Give all of the data below again exactly, and drop the images.

-- Data excerpt --
----
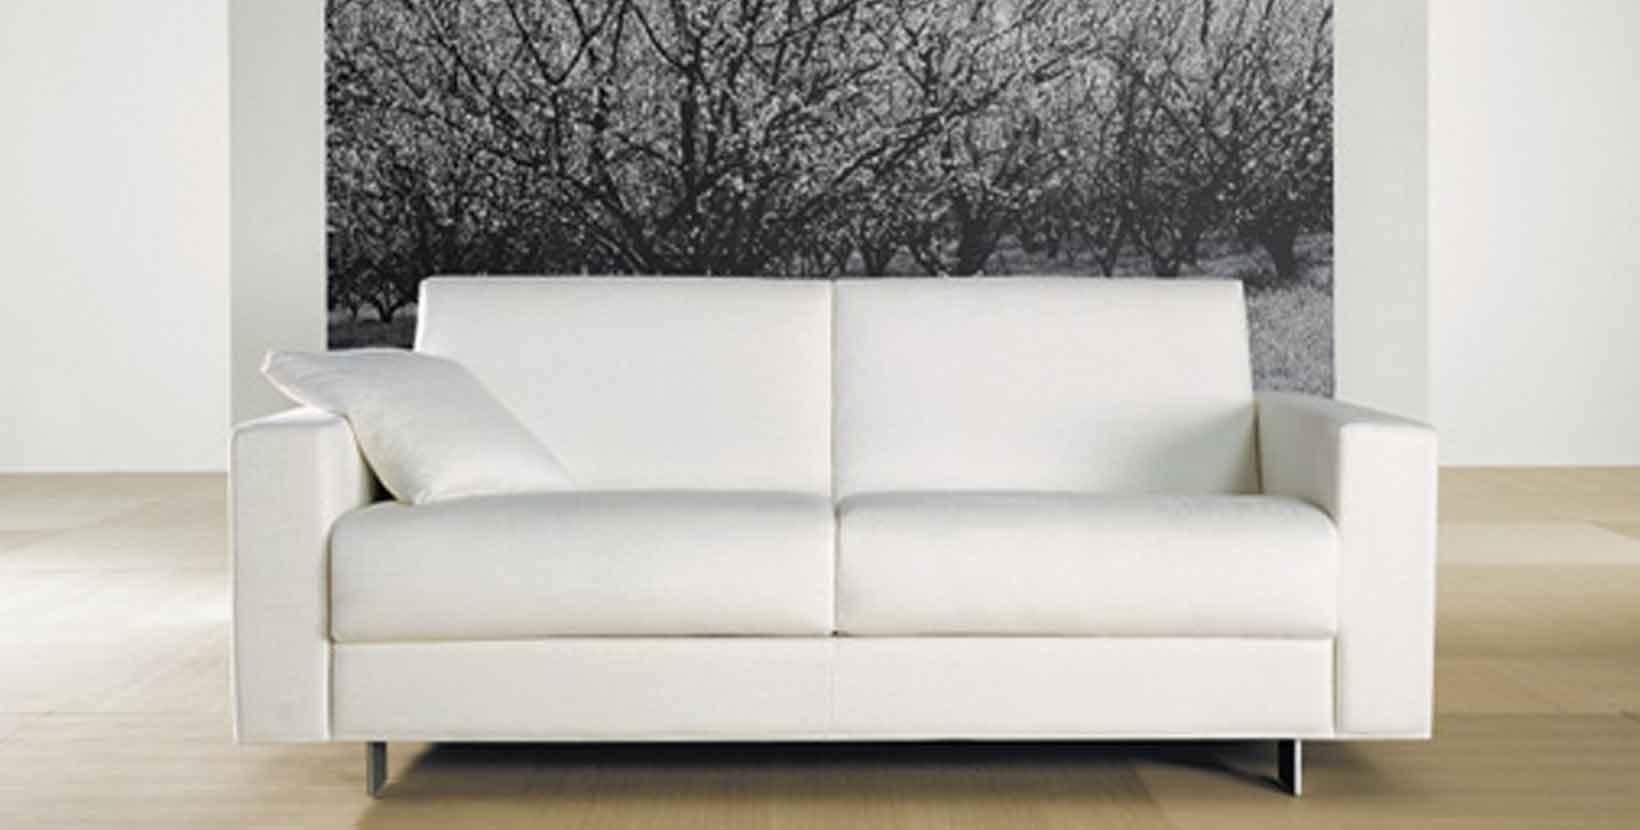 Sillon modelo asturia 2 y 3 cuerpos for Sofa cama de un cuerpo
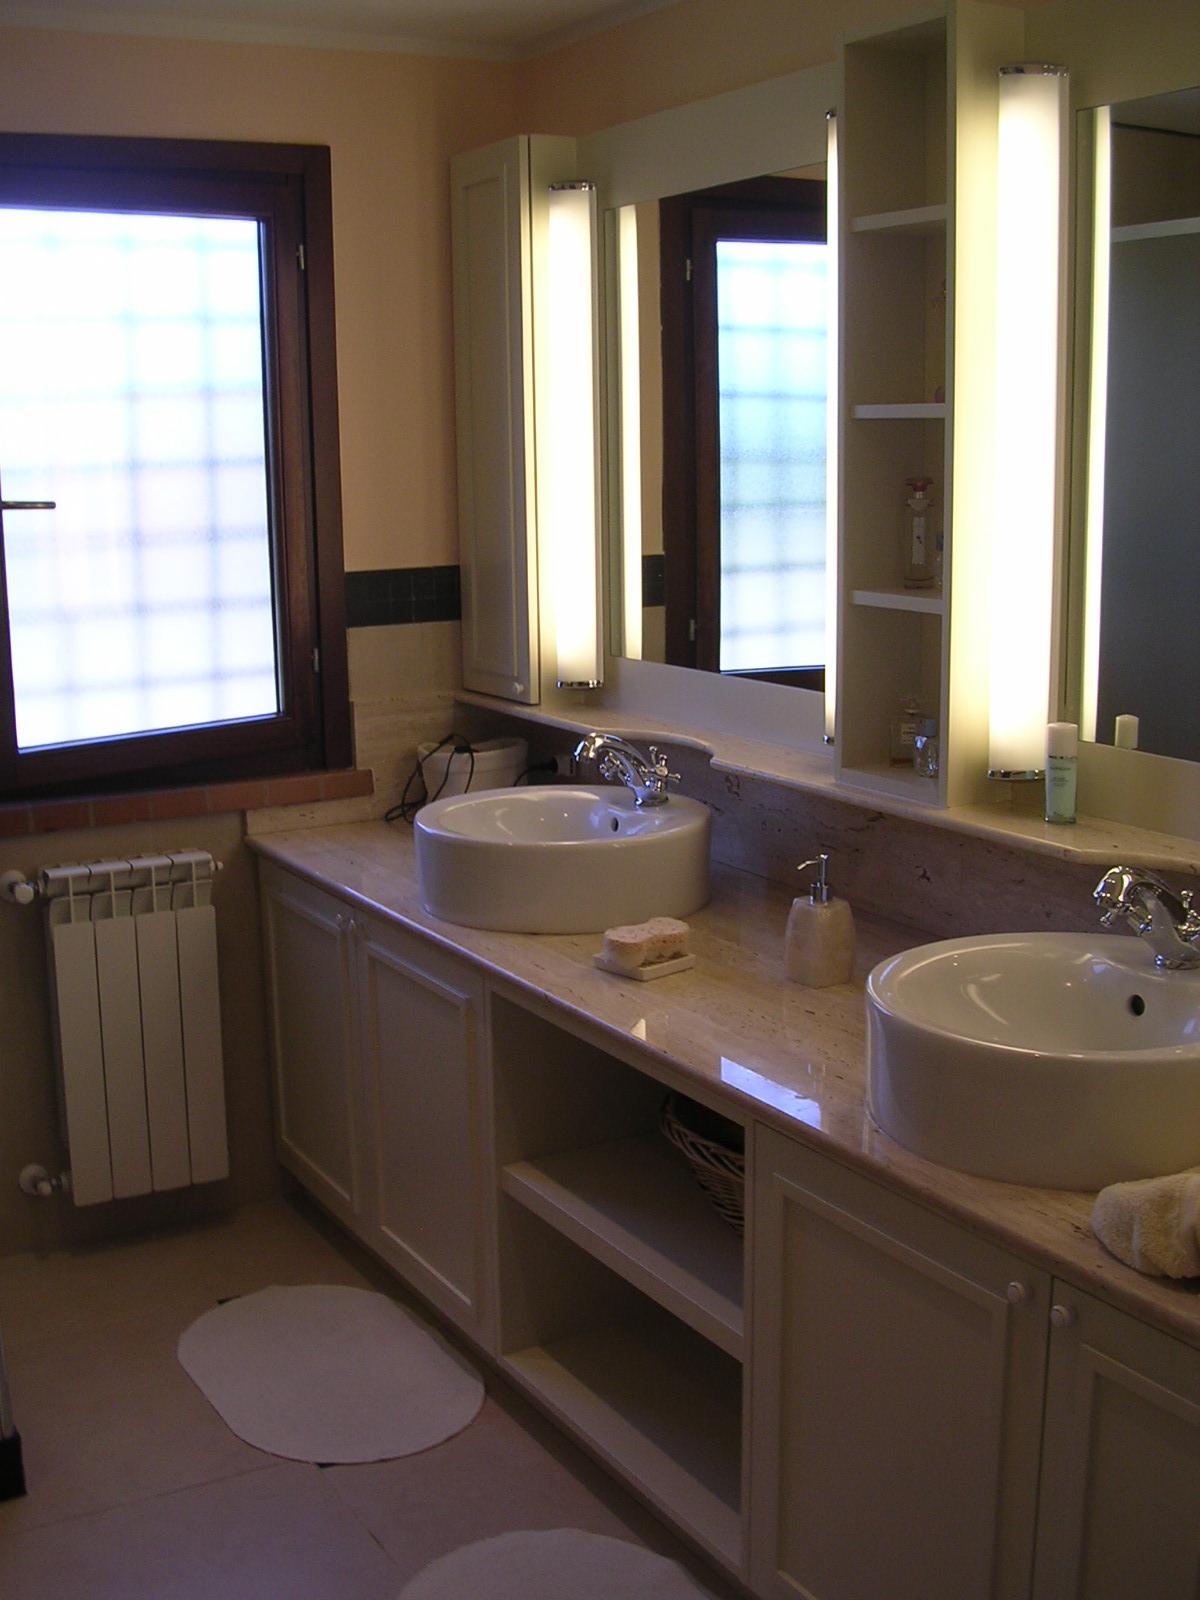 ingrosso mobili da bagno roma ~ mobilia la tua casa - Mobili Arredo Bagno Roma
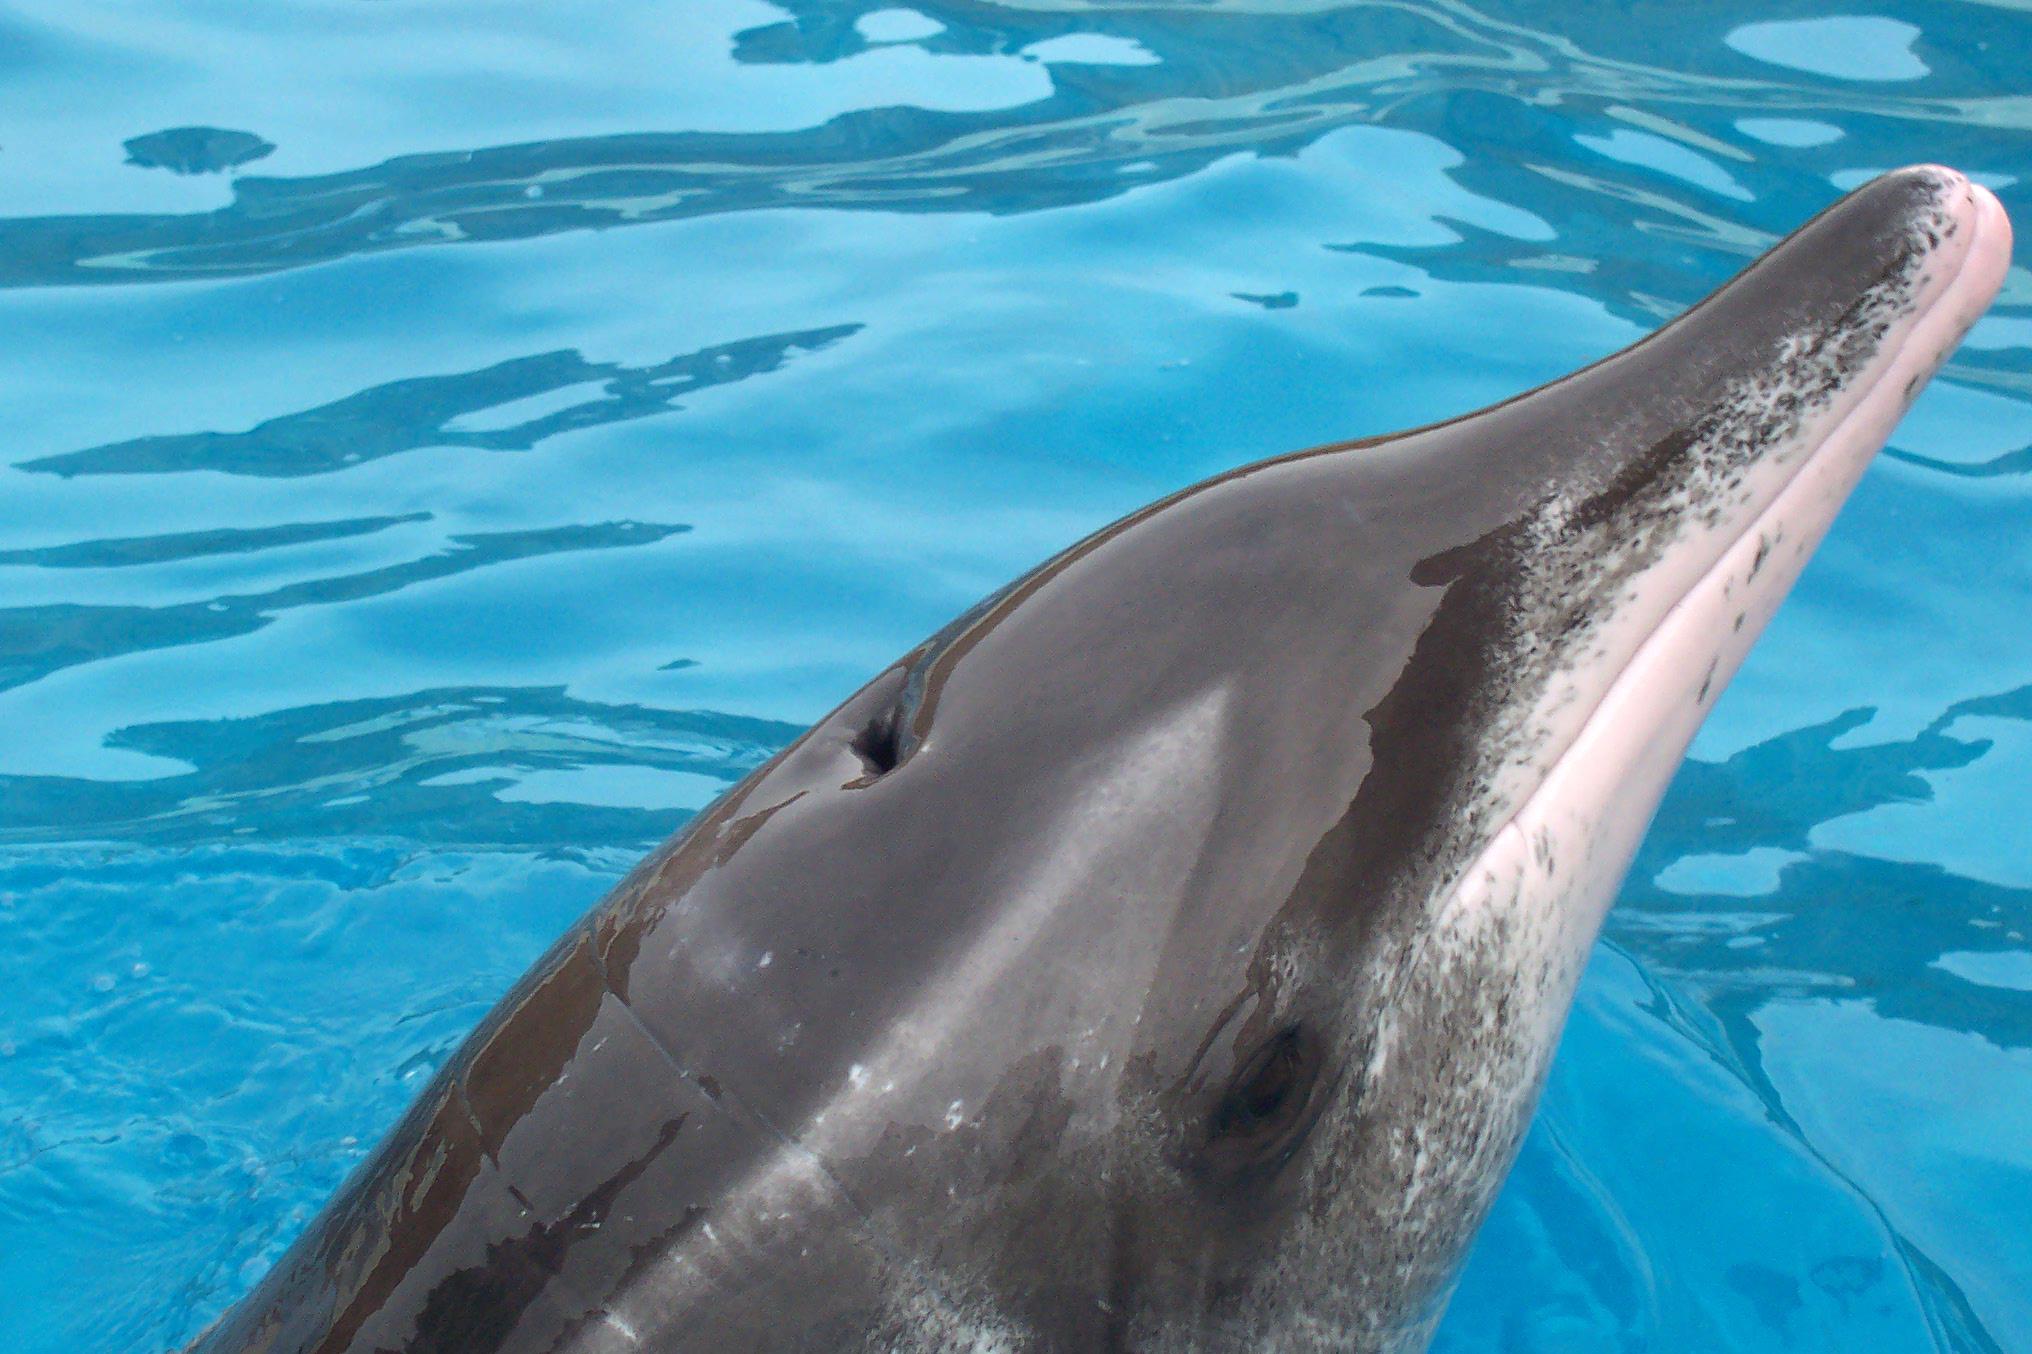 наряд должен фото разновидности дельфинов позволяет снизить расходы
----
-- Answer area --
 Sillon modelo asturia 2 y 3 cuerpos for Sofa cama de un cuerpo
 ingrosso mobili da bagno roma ~ mobilia la tua casa - Mobili Arredo Bagno Roma
 наряд должен фото разновидности дельфинов позволяет снизить расходы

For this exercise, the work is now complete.